After doing some number crunching and financial modelling, Casey and his team realised they could do this. “It’s actually less risk than larger drugs as it targets the underlying cause of the disease, and it takes less money to make,” he adds. “These are not billion-dollar drugs, but they are financially successful drugs that make a real difference to children with small population rare diseases.”
Their next step after Rosiphersen and other ASOs are successfully through the clinical trial will be to get their process approved by regulators. “At that point, a drug that might previously have cost $500,000 could come down to a fraction of that because of this “process approval.” Added to this, we could make drugs in days, not years. That’s the vision of AlphaRose and I think that’s where genetic medicine is heading.”
Casey says he’s been especially inspired by Henri Termeer who used his non-medical background as a powerful vehicle for change as the CEO of leading biotech company, Genzyme.
“Henri would bring patients into investor meetings and ask his commercial team how many patients had been treated that day. He would also go into countries who were unwilling to pay for his drug and treat patients who needed it, then negotiate with those governments. He would not put the burden of the high costs of rare disease treatments on patients. That really inspired me, and I want to take that inspiration to find my own new ways to do things differently too.”
As part of this bold mission, Casey started equity crowdfunding, rather than going down the venture capital-seeking route. This method of fundraising enables patients and rare disease advocates to buy shares in companies and was an important part of retaining the values of his foundation and early work.
“My thought was can we create a company where the majority of ownership is rare disease patients, families, scientists and people who care about making a change. That’s what I’m in the middle of right now.”
Next steps for Rosipherson (named after Rose)
At the time of chatting with Casey, AlphaRose had already raised over $1M via equity crowdfunding. The company’s chief scientist has also identified a number of other genes that AlphaRose could target.
“My goal with this seed round is to raise $5M and then we want to take Rosipherson into a clinical trial so we can move closer to treating the first children with our drug.
“It could be as early as the end of the year, or it could be as late as next year (depending on funding). That’s what gets me really excited because I continue to see the light at the end of the tunnel.”

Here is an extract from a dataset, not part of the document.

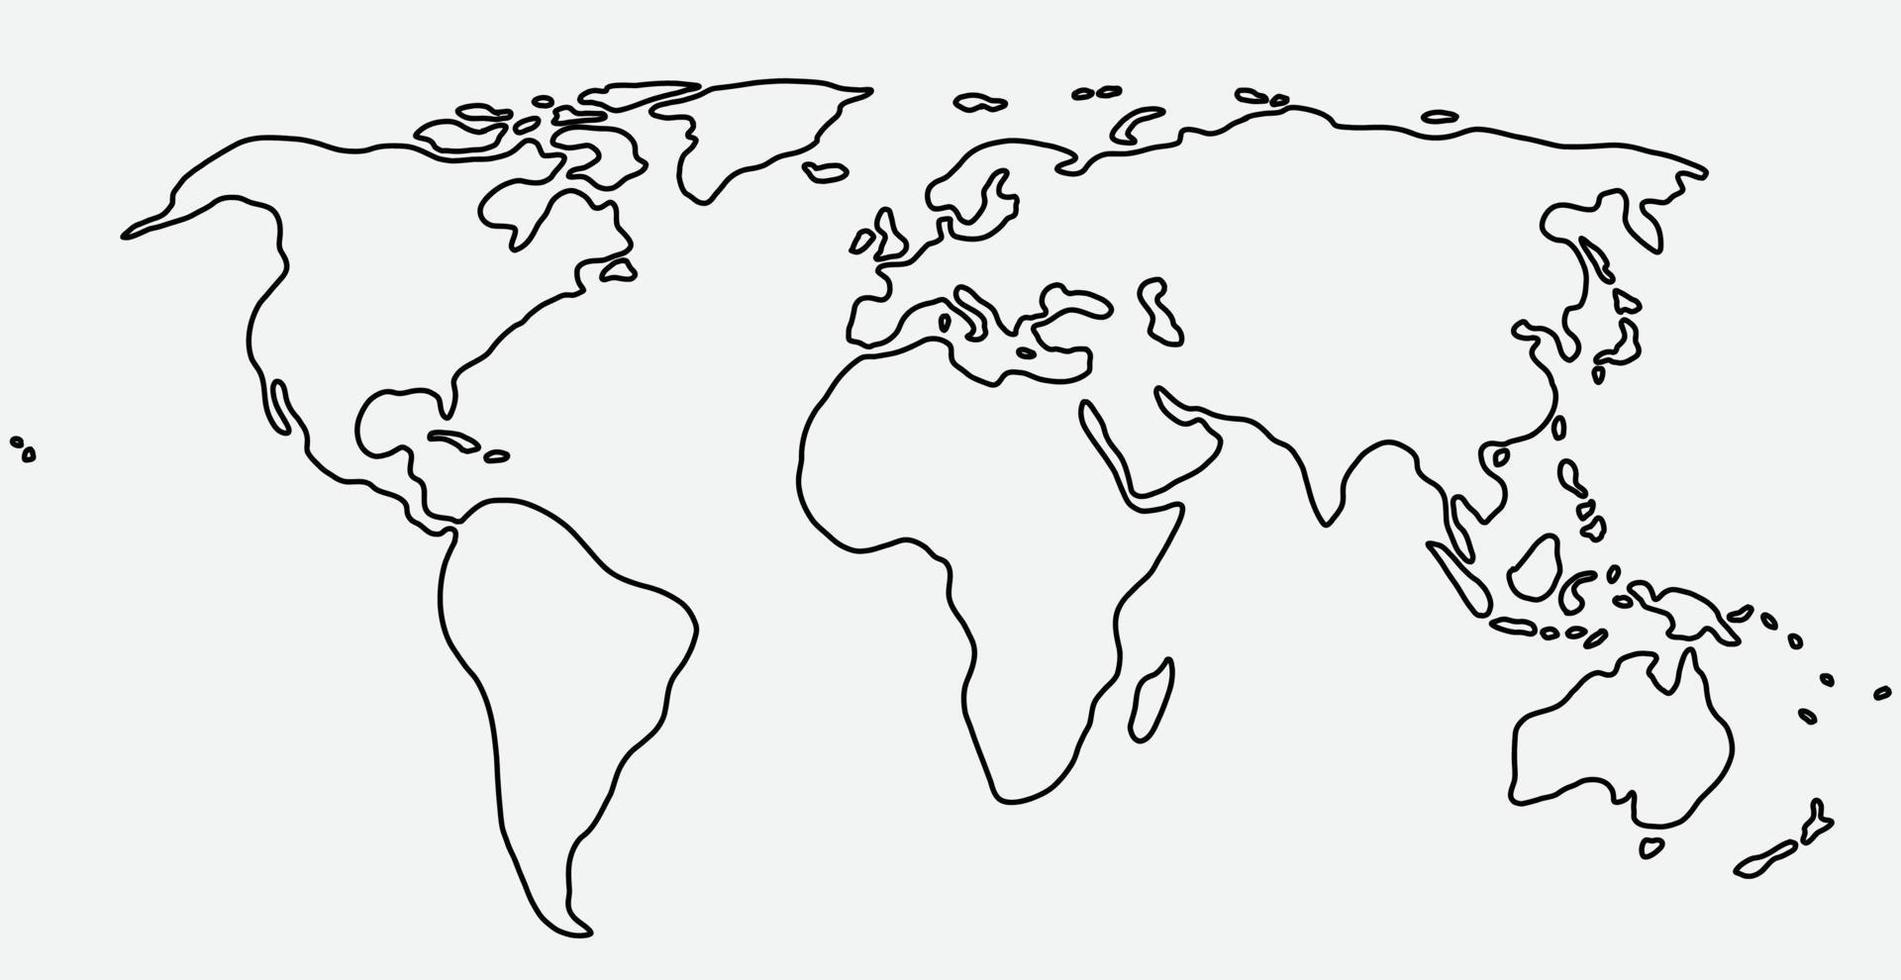 croquis de carte du monde à main levée sur fond blanc. vecteur
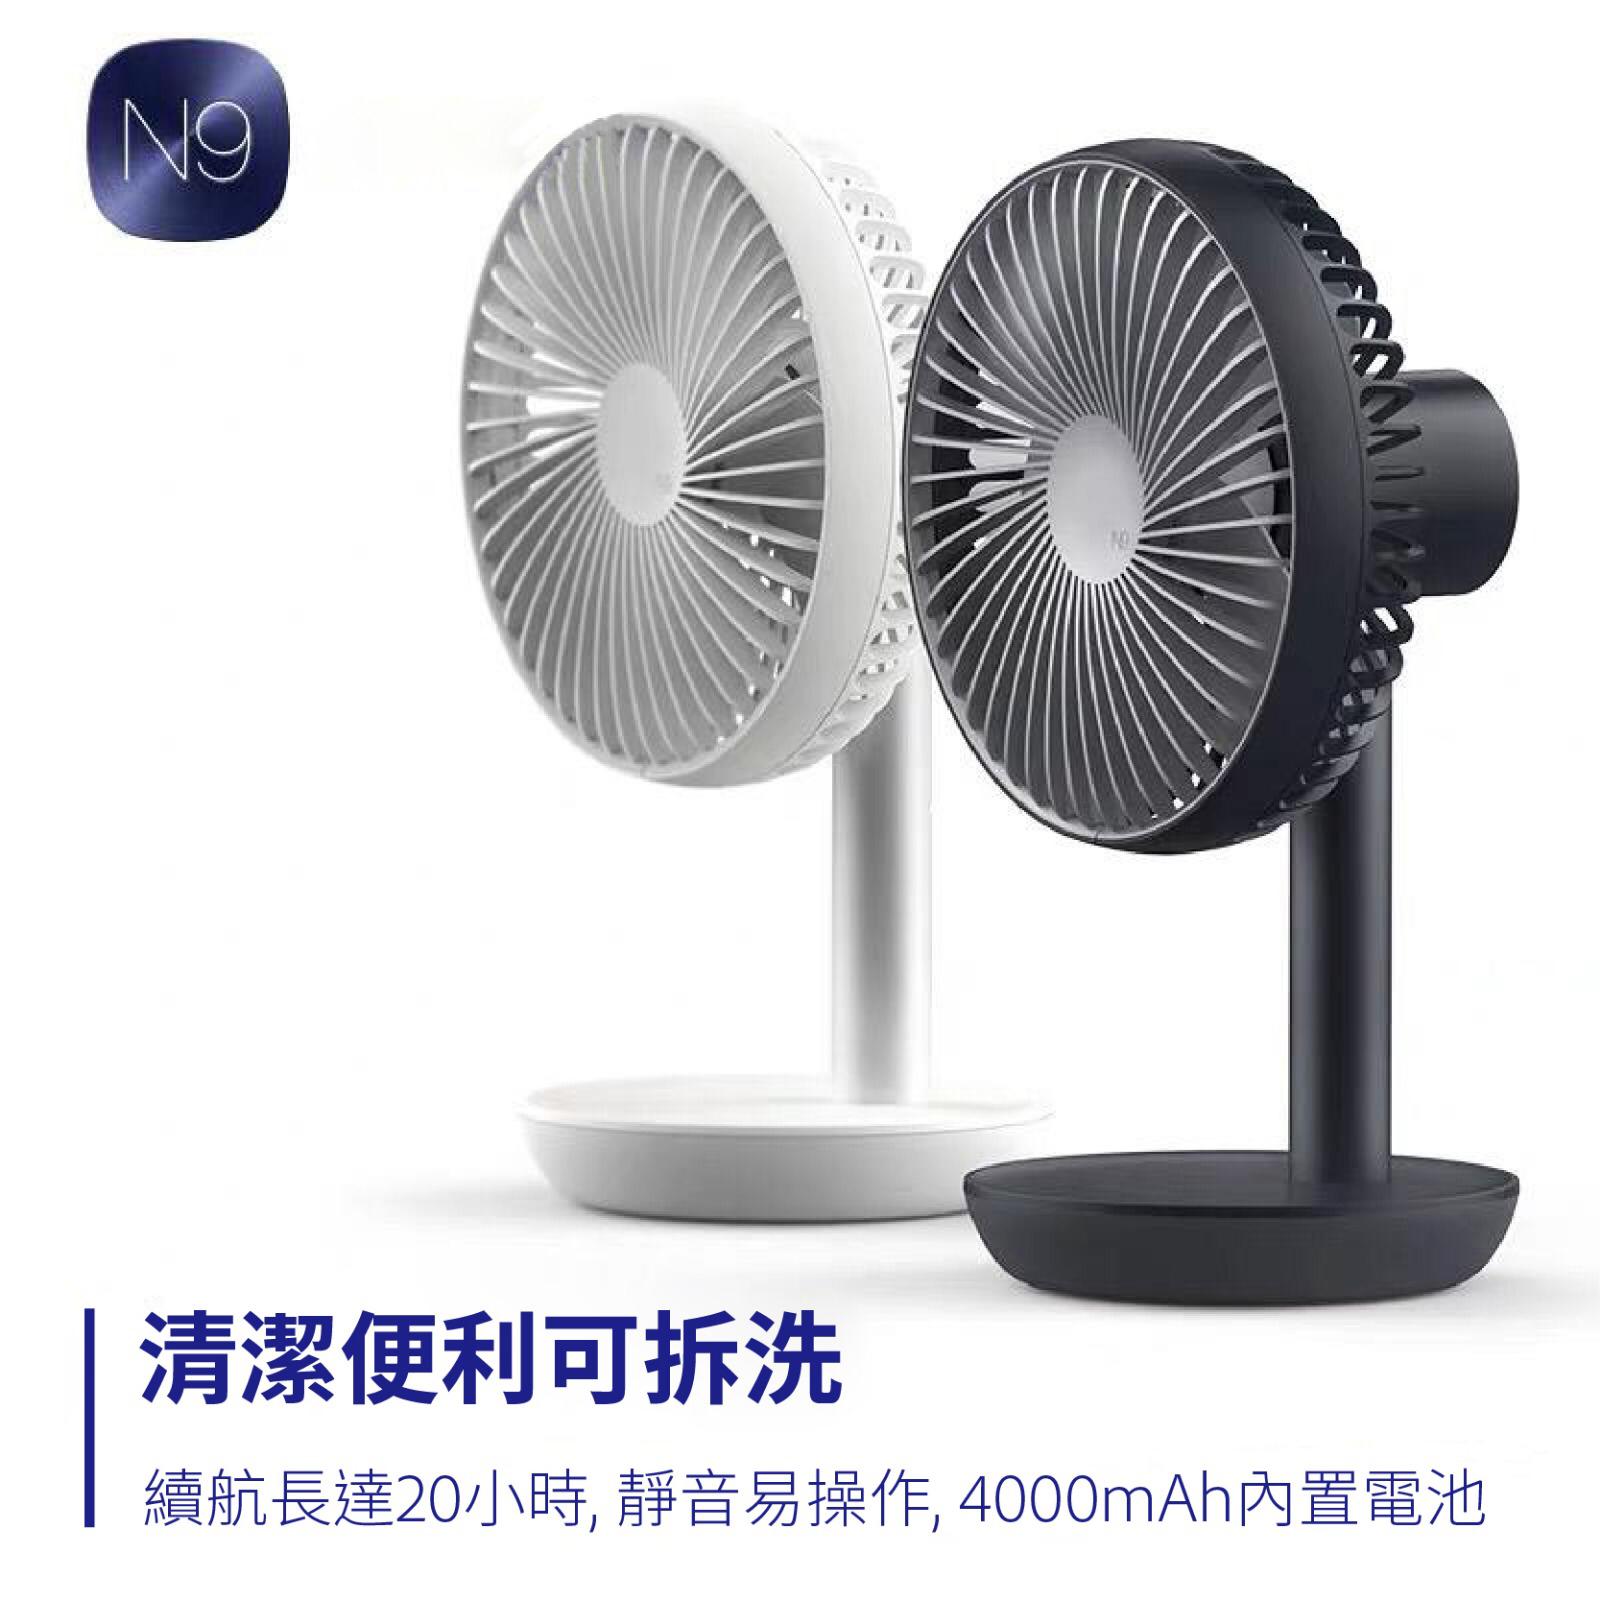 Lumena - N9 FAN STAND2 2nd Generation Cordless Stand Fan | Shaking Head Fan - White

Casey says he is in this journey solely to usher in new treatments so the next parent like him or the next child like Rose, that has a gene mutation that no-one has seen before, has a path forward.
“Companies don’t usually start with patients, they just pick some disease, and patients often have zero voice within endpoint development and that’s something I want to change,” he says. “I’m trying a different model where the patient community stays part of the development throughout the entire process. They are the ones that we’re trying to treat and that the clinical trial needs to be right for them.”
His experiences of working in the highly competitive music industry, where knock-backs are part of everyday life, are proving useful with fundraising and pitching to investors as part of his CEO role at AlphaRose.
“I’m used to fighting and what better muse to succeed for than your own daughter,” he adds.